Clean transportation is the biggest chunk of the climate tech investing pie. The sector saw $893 billion in funding last year, according to BNEF. Just $53 billion of that went into commercial vehicles. But that represents a 57% increase year-over-year, outpacing every other sector.
“It was unimaginable that you could see a market like that exist today, even five years ago,” said Angie Farrag-Thibault, vice president for global transportation at Environmental Defense Fund, adding that voluntary industry initiatives and a growing number of government policies have helped the clean transport sector quickly get up to speed.

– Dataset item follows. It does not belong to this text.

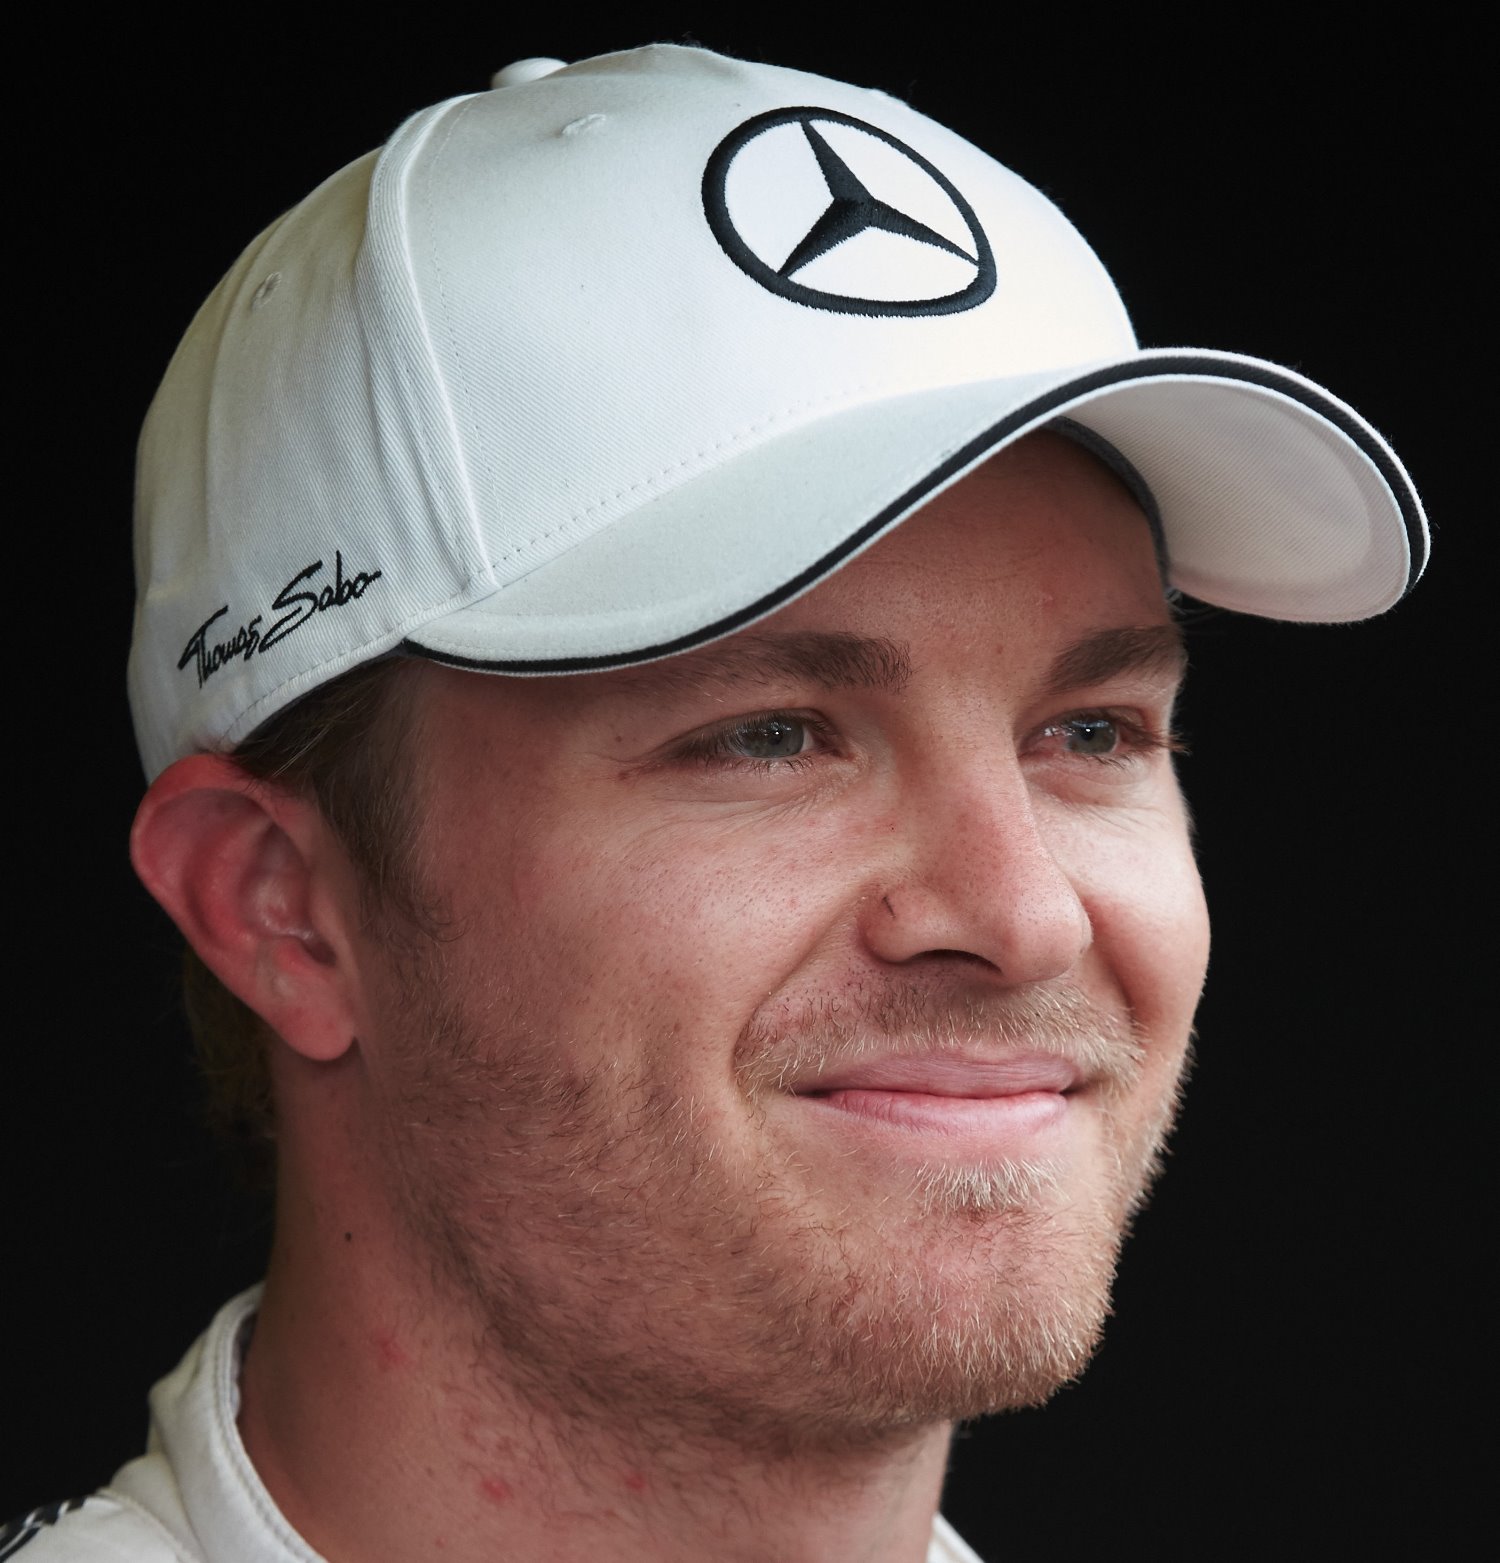 Has Rosberg been chosen by Mercedes to win the 2016 title?

Electric Truck Investments Hit a Record in 2025
Global funding for clean heavy- and medium-duty transport
Source: BloombergNEF
While the path for commercial land transport is clearer, Farrag-Thibault said, there’s still a lot more groundwork that needs to be laid for shipping. That’s reflected in the funding: Clean shipping saw $4.2 billion in investments last year. But that only accounts for ships that run on cleaner fuel, sidestepping other solutions that are more readily available today. To decarbonize all forms of heavy transport requires both deploying technologies that work today and creating the next generation of fuels and resources that can cut emissions further.

Not all Pioneers winners fit into neat categories. But this year’s wildcards provide a glimpse of emerging climate tech sectors and regions, from electric buses in Africa to microbe-assisted copper mining and cutting forever chemicals from batteries.